15 g sample of `BaO_(2)` is heated to `794^(@)C` in a closed evacuated vessel of 5 litre capacity. How many g of peroxide are converted to `BoO(s)`?
`2BaO_(2)(s)hArr2BaO(s)+O_(2)(g), K_(rho)=0.5` atm

To solve the problem step by step, we will follow the reaction and use the given data to find out how many grams of barium peroxide (BaO₂) are converted to barium oxide (BaO). ### Step-by-Step Solution: 1. **Identify the Reaction**: The reaction given is: \[ 2 \text{BaO}_2 (s) \rightleftharpoons 2 \text{BaO} (s) + \text{O}_2 (g) \] The equilibrium constant \( K_p \) is given as 0.5 atm. 2. **Calculate the Moles of Oxygen at Equilibrium**: From the equilibrium constant expression, we know that: \[ K_p = \frac{P_{\text{O}_2}}{1} = 0.5 \text{ atm} \] This means the partial pressure of oxygen at equilibrium is 0.5 atm. 3. **Use the Ideal Gas Law to Find Moles of Oxygen**: We can use the ideal gas law \( PV = nRT \) to find the number of moles of oxygen (\( n \)): - \( P = 0.5 \) atm (partial pressure of \( O_2 \)) - \( V = 5 \) L (volume of the vessel) - \( R = 0.0821 \) L·atm/(K·mol) (ideal gas constant) - \( T = 794 + 273 = 1067 \) K (temperature in Kelvin) Rearranging the ideal gas law to solve for \( n \): \[ n = \frac{PV}{RT} = \frac{0.5 \times 5}{0.0821 \times 1067} \] Calculating \( n \): \[ n = \frac{2.5}{87.67} \approx 0.0285 \text{ moles of } O_2 \] 4. **Relate Moles of Oxygen to Moles of Barium Peroxide**: According to the stoichiometry of the reaction, 2 moles of \( \text{BaO}_2 \) produce 1 mole of \( O_2 \).

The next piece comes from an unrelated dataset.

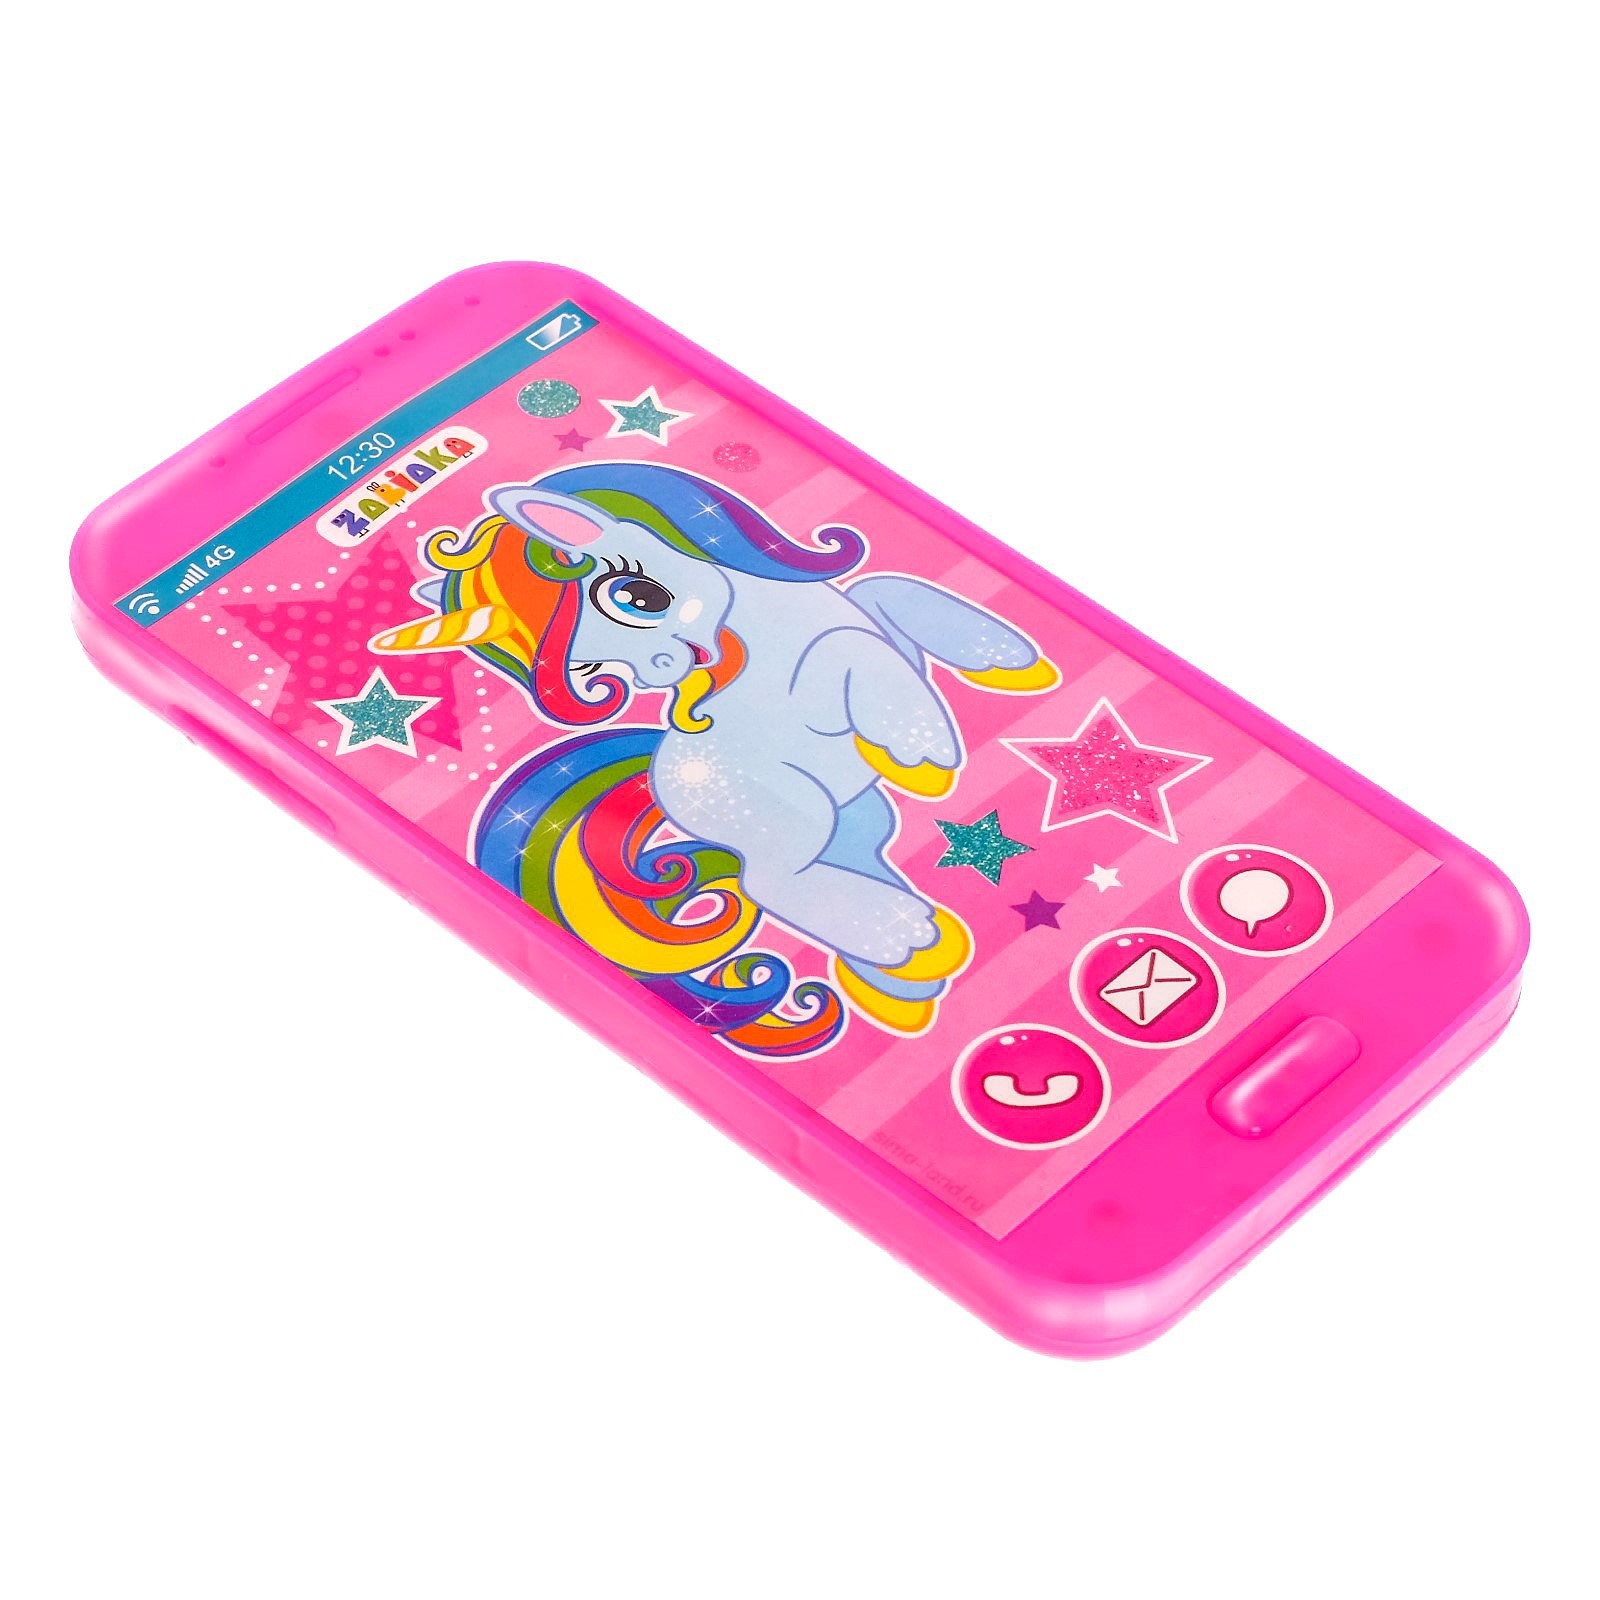 Pony телефон. Телефон пони. Смарт часы. Для девочек. С пони. Игровой телефон poni Toys. Розовый пони на телефон.
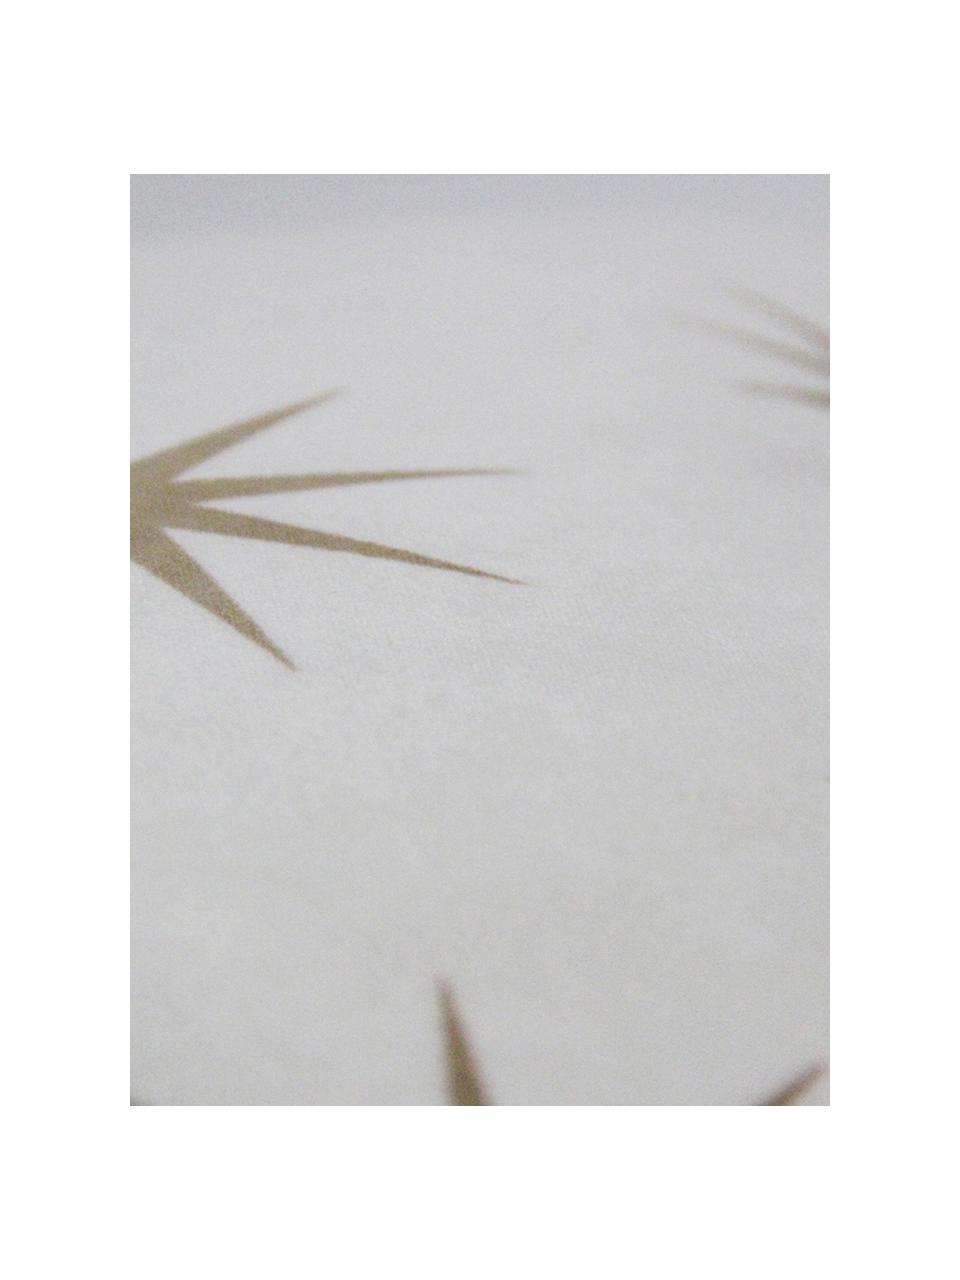 Samt-Kissenhülle Stars mit goldenem Sternen Print, Polyestersamt, Weiß, Braun, 45 x 45 cm

Therefore, the moles of \( \text{BaO}_2 \) that decomposed can be calculated as: \[ n(\text{BaO}_2) = 2 \times n(O_2) = 2 \times 0.0285 \approx 0.057 \text{ moles of } \text{BaO}_2 \] 5. **Calculate the Mass of Barium Peroxide Decomposed**: The molar mass of \( \text{BaO}_2 \) is: - Ba: 137.33 g/mol - O: 16.00 g/mol (2 O atoms) \[ \text{Molar mass of } \text{BaO}_2 = 137.33 + (2 \times 16.00) = 169.33 \text{ g/mol} \] Now, we can find the mass of \( \text{BaO}_2 \) that decomposed: \[ \text{Mass} = n \times \text{Molar mass} = 0.057 \times 169.33 \approx 9.65 \text{ g} \] ### Final Answer: Approximately **9.65 g** of barium peroxide are converted to barium oxide.